So, what is it?
It is data that exceeds the processing capacity of conventional database systems. It is too big – terabytes or pentabytes, moves too fast, or doesn’t fit the strictures of your database architectures. The data is increasing at exponential pace – both structured and unstructured, and the technology is increasing according to Moore`s law which is helping the companies to store and process such huge amount of data.
What is it`s use?
“Big Data” is drawing a lot of attention but for decades, companies have been making business decisions based on transactional data stored in relational databases. So, why the hype now? Beyond that critical data (transactional), there is a potential treasure trove of unstructured data: weblogs, social media, email, sensors, and photographs that can be mined for useful information, and understanding of this kind of data needs more than just storage and computing capacity, it requires advances in understanding of data, as this data is subjective and context depended. Eg. When a person posts “unbelievable” on a website regarding a product, we don`t know whether a person is satisfied or dissatisfied with the product. Big data can unlock significant value by making information usable at much higher frequency leading to better decision making.
Second, as organizations create and store more data in digital form, they are able to collect more accurate and detailed performance information on everything from product inventories to sick days, and therefore can boost performance. Leading companies are using data for forecasting to adjust their business according to the demand.
Third, big data allows more accurate segmentation of customers and hence better delivery of services. For example, retailers usually know who buys their products.
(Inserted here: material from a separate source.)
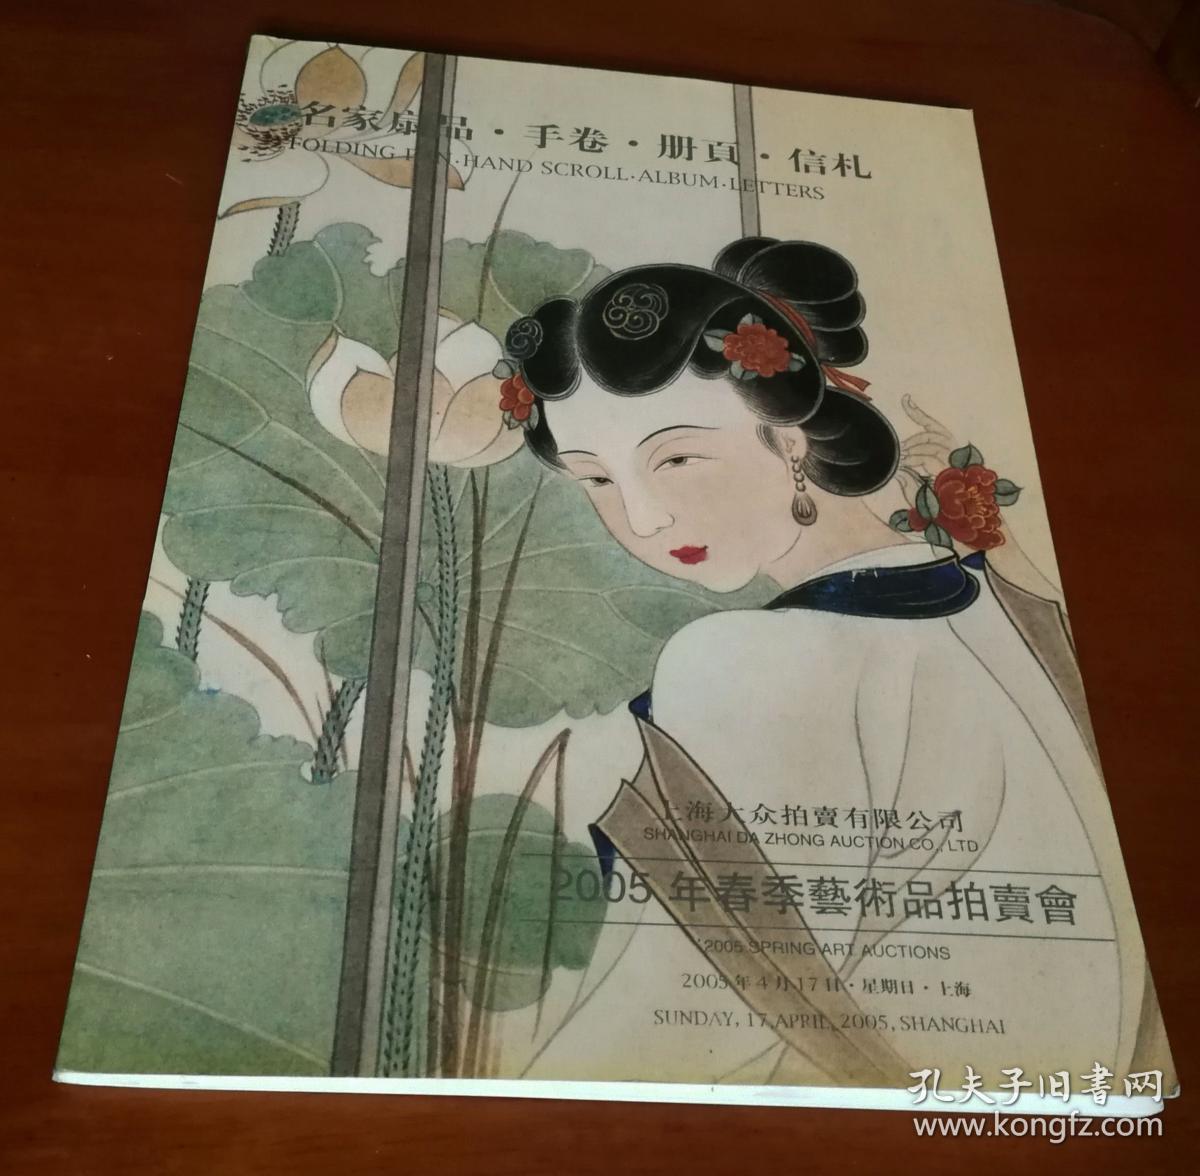 上海大众拍卖有限公司 2005年春季艺术品拍卖会 名家扇品•手卷•册页•信札

Use of social media and web log files from their e-commerce sites can help them understand who didn't buy and why they chose not to. This can enable much more effective micro customer segmentation and targeted marketing campaigns, as well as improve supply chain efficiencies.
Finally, big data can be used to improve the development of the next generation of products and services. For instance, insurance companies know in advance which customers are likely to leave them in future and on what service aspect they should work on to stop that attrition.
New organizations like social media sites like Facebook and LinkedIn simply wouldn't exist without big data. Their business model requires a personalized experience on the web, which can only be delivered by capturing and using all the available data about a user or member.
Characteristics of Big Data: 4 V`s of Big Data
Volume: It is the most attractive factor because of which companies want to analyze data as it leads to more accuracy for predictions. High volume of data requires scalable storage and distributed querying approach, along with high processing machines and statistical sampling techniques.
Variety: It is the most significant factor and ability to process the variety of information will determine the future of big data and analytics. Majority of data available is in unstructured form – from social network, text information, image information, audio and video. According to analysts 80% of the data is not numeric which is difficult to process directly into application but is extremely vital for decision making.
Velocity: It is the rate at which data is being produced and processed to meet demand. The torrent of data being produced is through clicks on internet via computers, tablets and smartphones.
Variability: The flow of data is highly inconsistent and can be highly periodic. Example sales of crackers are more during Diwali and New Year as compared to the rest of the year. This periodicity of data is difficult to manage especially with social media involved.
Big Data Solutions
The kind of complexity involved due to unstructured data requires developing sophisticated algorithms and logic. It requires a combination of business, IT, math and behavioral sciences to define and systematically capture the insights from the data.
The technologies used to manage and help in extracting the information from data are SAS, SQL, Hadoop, parallel processing, clustering, large grid environments and cloud computing.
Challenges & Future Outlook
As the amount of data being generated is increasing at exponential pace, it is getting ever more difficult to generate insightful information from it. Questions that seek answers from data scientists are which data to store? What to analyze? which data points are relevant? And how to make best use of it?
Another major challenge looming over the Big Data is the shortage of talent. By 2018, in US only there could be a shortage of 140,000 to 190,000 people having analytical skills and 1.5 m managers and analysts to make effective decisions from the analysis of data.
Other issues being faced by data collecting organizations are - capturing the complete and accurate data and policies regarding privacy and security.
If we can find a way to deal with all these challenges then the future of Big Data and analytics will be phenomenal especially in industries like computer and electronic products, information sectors, finance and insurance.